**Brief**.
Down to the last line, set down the listing below exactly, apart from its pictures.

**Collected material**.
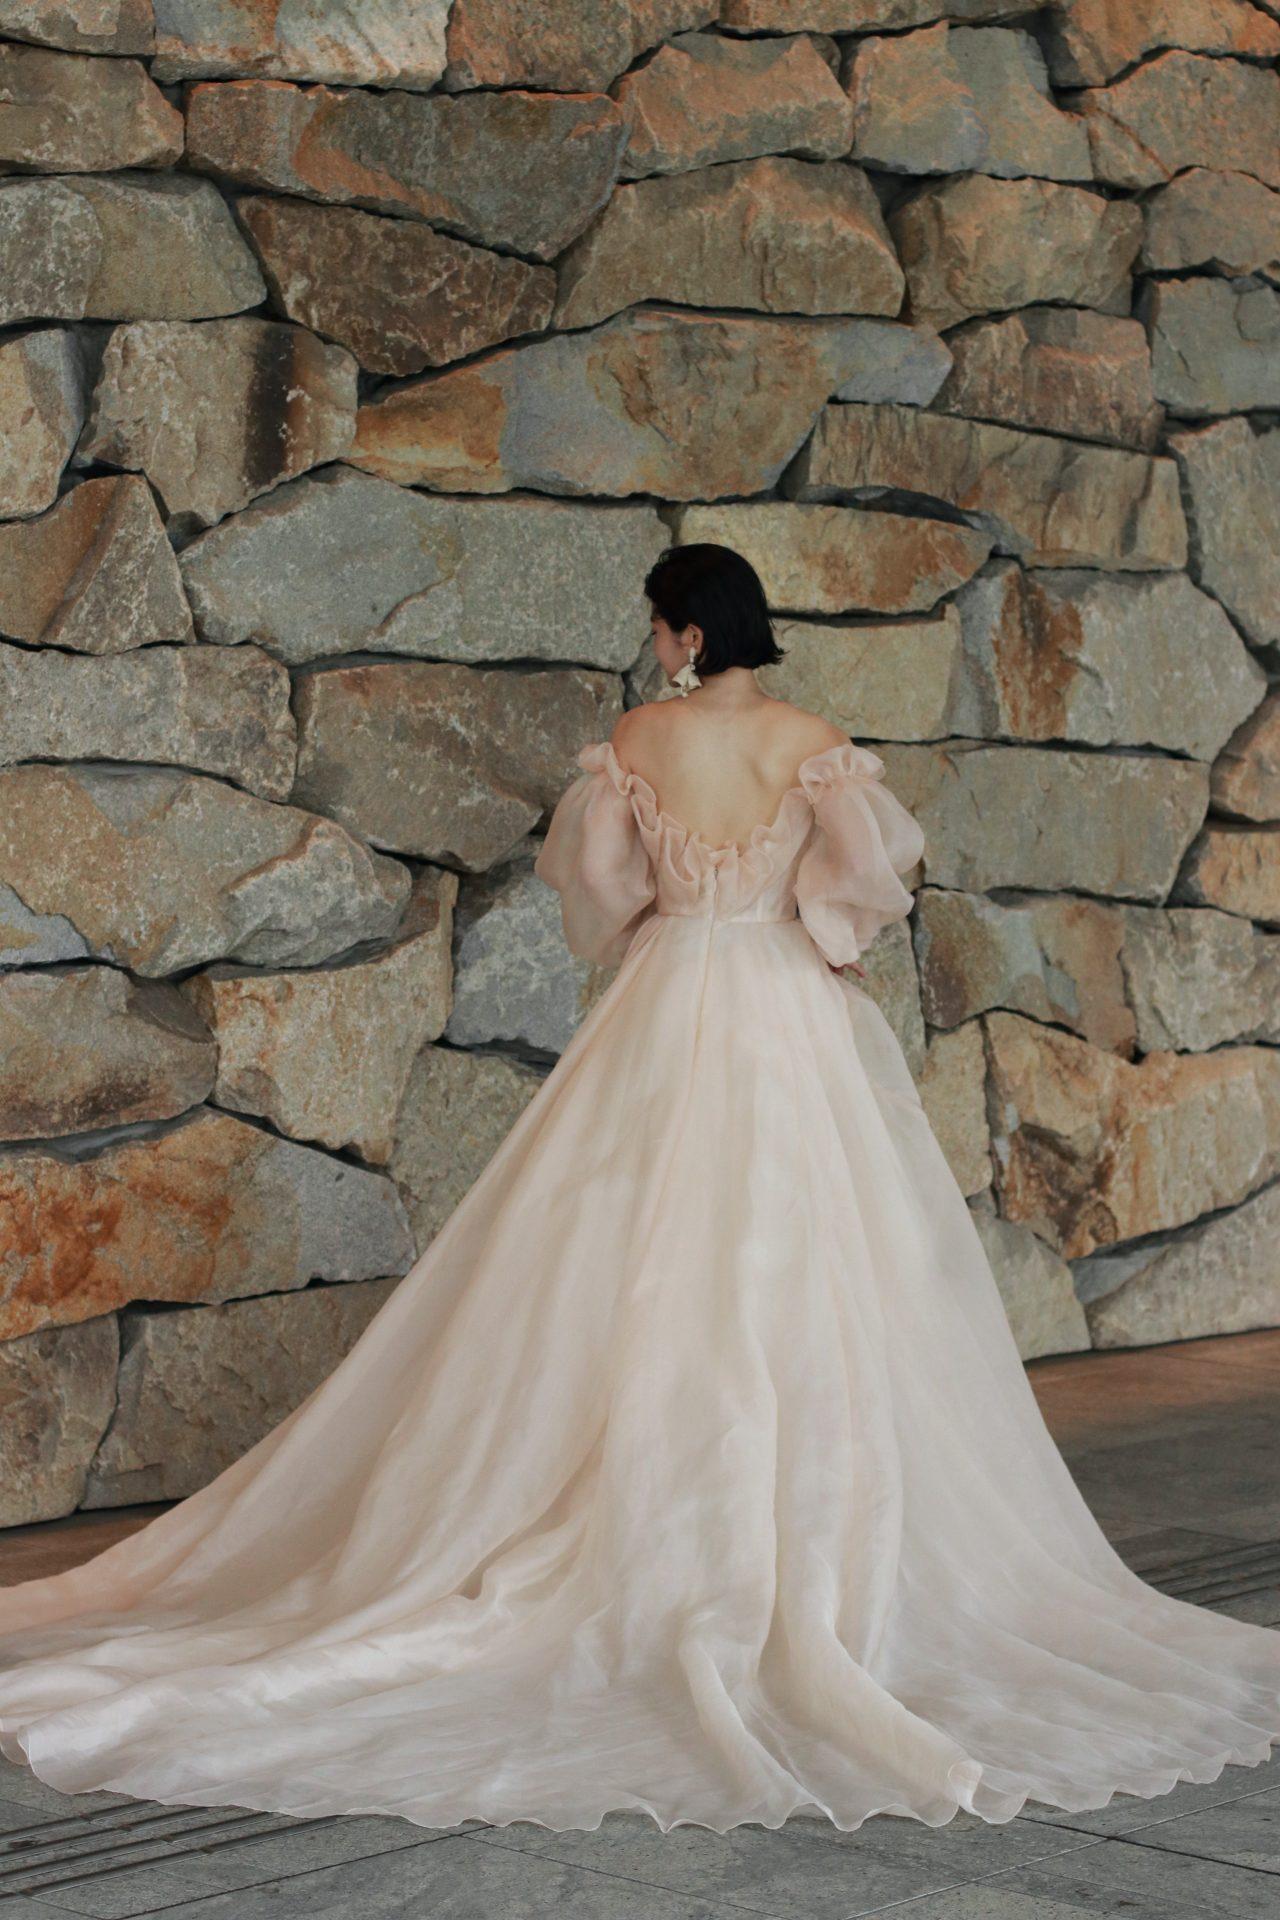 ロングトレーンのウェディングドレスはクラシックな印象になりますが、オフショルダーデザインと合わさる事でモダンなバックスタイルを叶えます
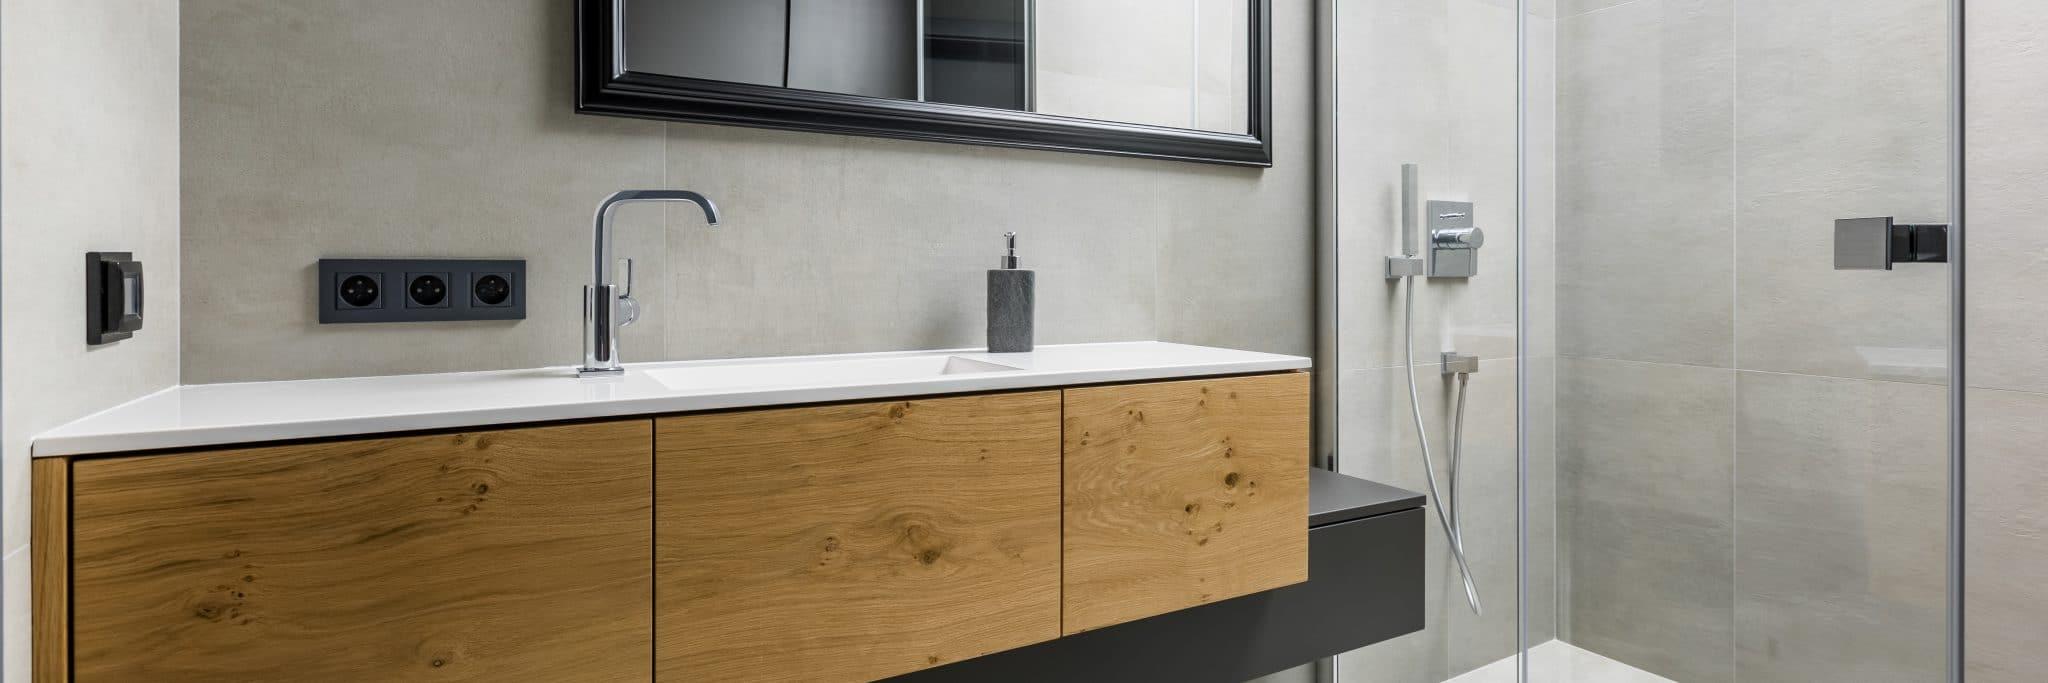 Meuble de salle de bain : Comment bien choisir son mobilier ?
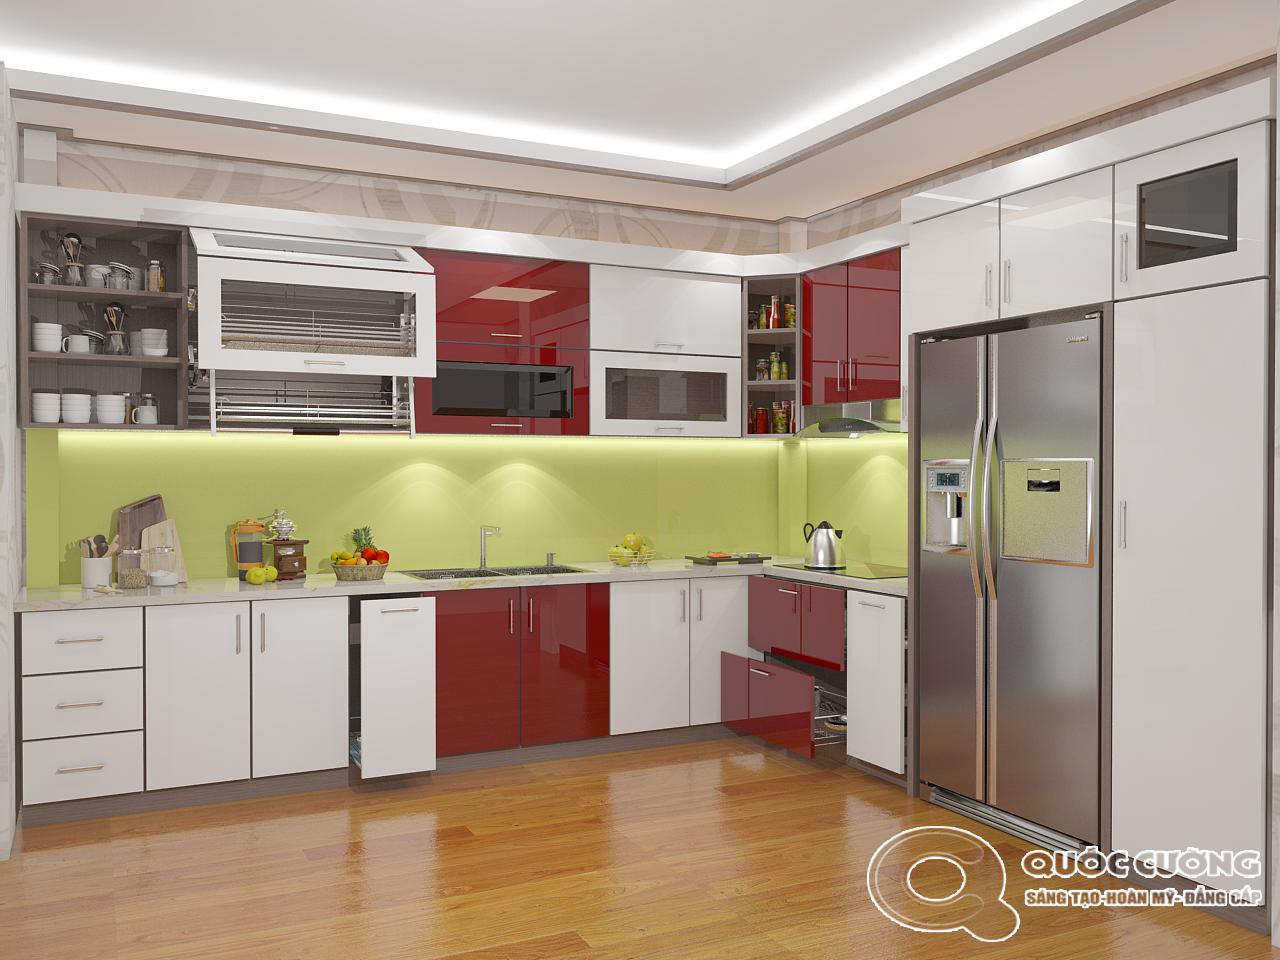 Tủ bếp AR16 có vẻ đẹp hiện đại của chất liệu Acrylic Quốc Cường cũng rất dễ dàng vệ sinh trong quá trình sử dụng.
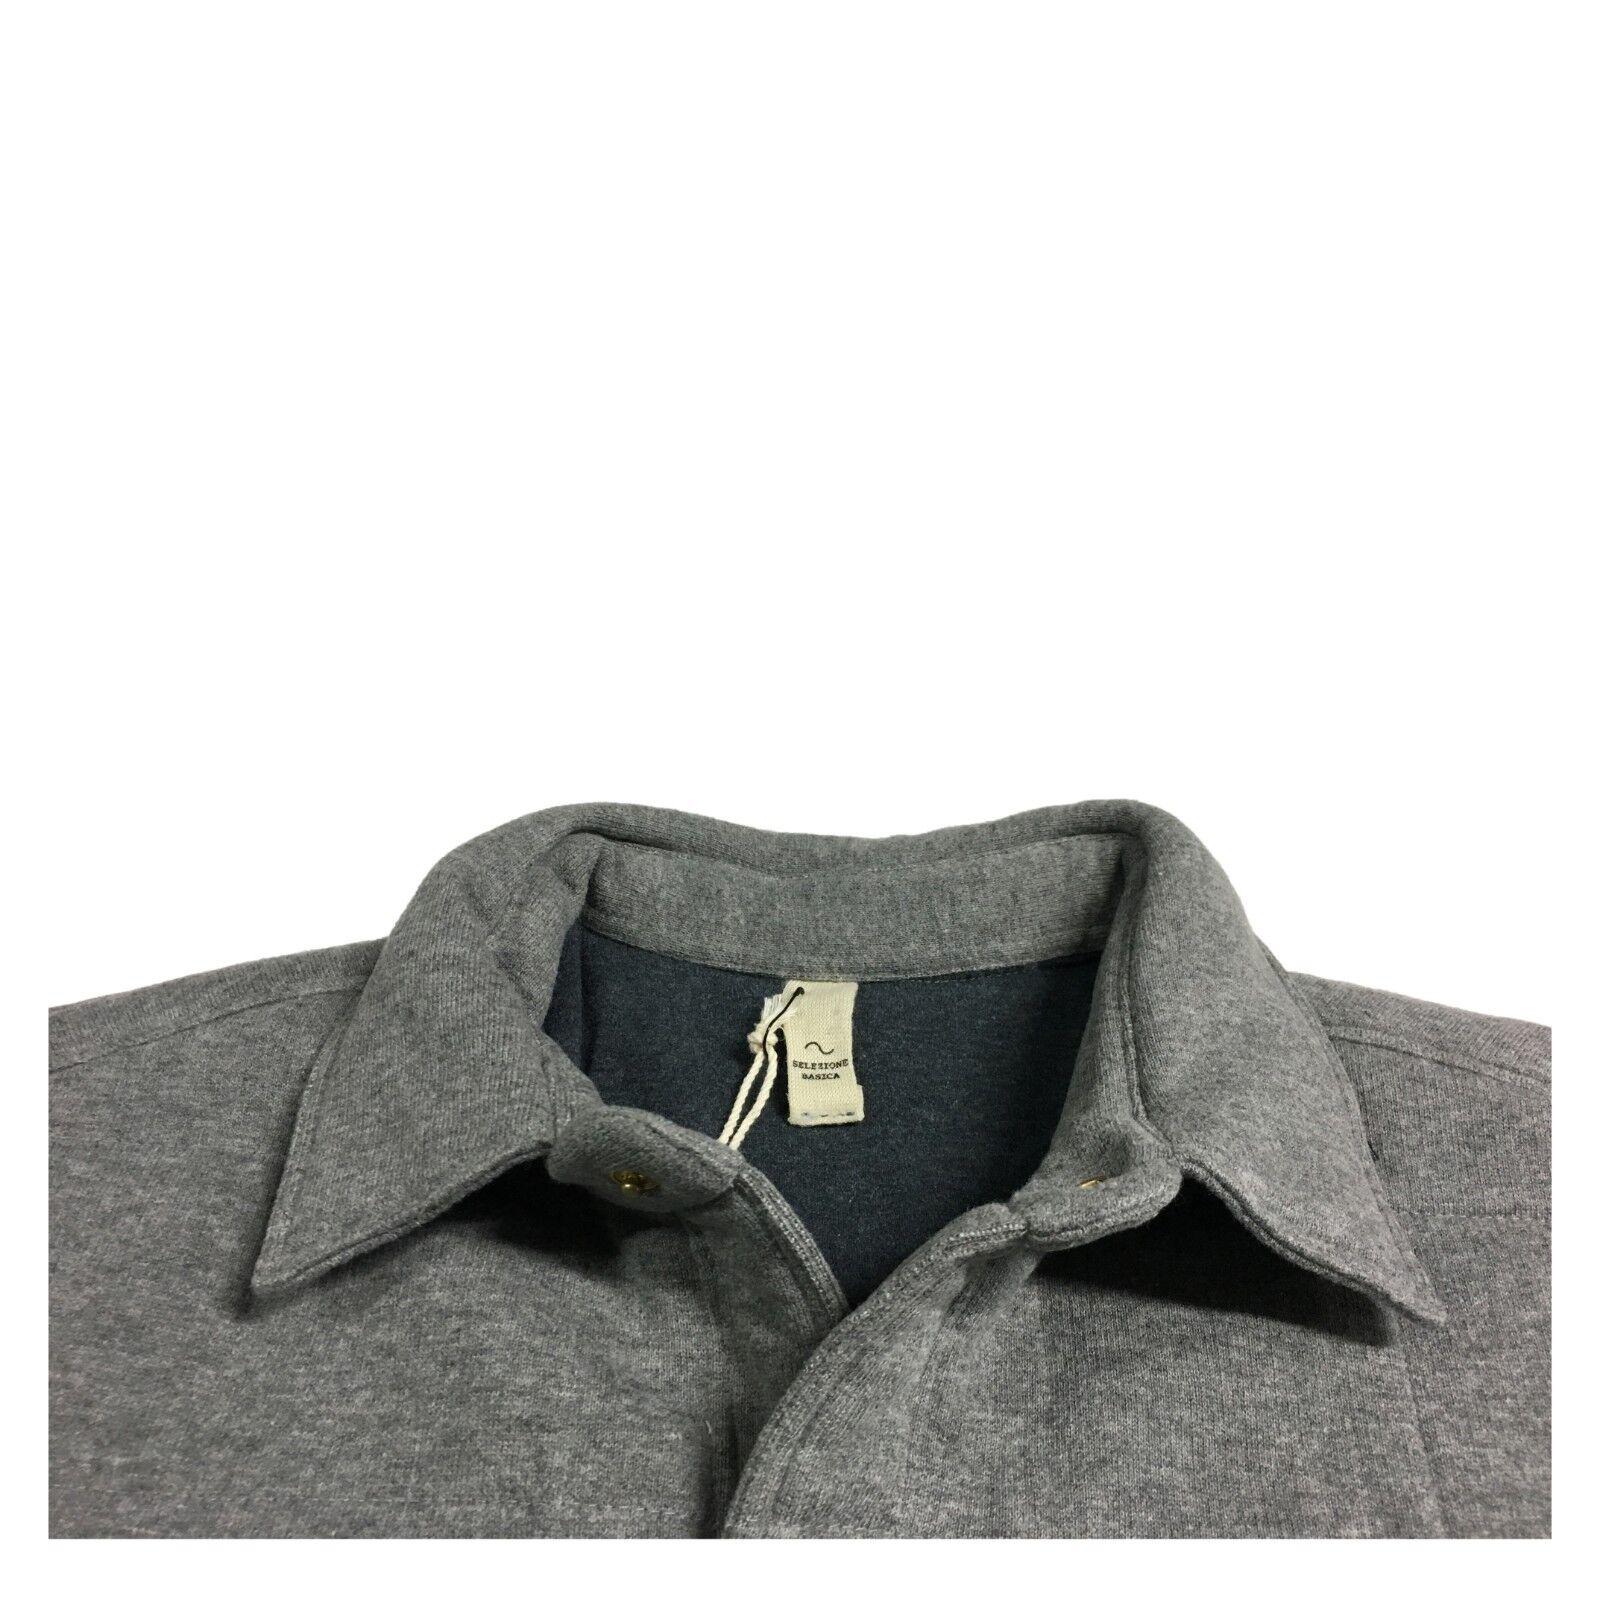 SELEZIONE BASICA giacca camicia grigio   doppiata grigio camicia SUW14203F06 MADE IN ITALY 64e3e5

**Output for this exercise**.
 ロングトレーンのウェディングドレスはクラシックな印象になりますが、オフショルダーデザインと合わさる事でモダンなバックスタイルを叶えます
 Meuble de salle de bain : Comment bien choisir son mobilier ?
 Tủ bếp AR16 có vẻ đẹp hiện đại của chất liệu Acrylic Quốc Cường cũng rất dễ dàng vệ sinh trong quá trình sử dụng.
 SELEZIONE BASICA giacca camicia grigio   doppiata grigio camicia SUW14203F06 MADE IN ITALY 64e3e5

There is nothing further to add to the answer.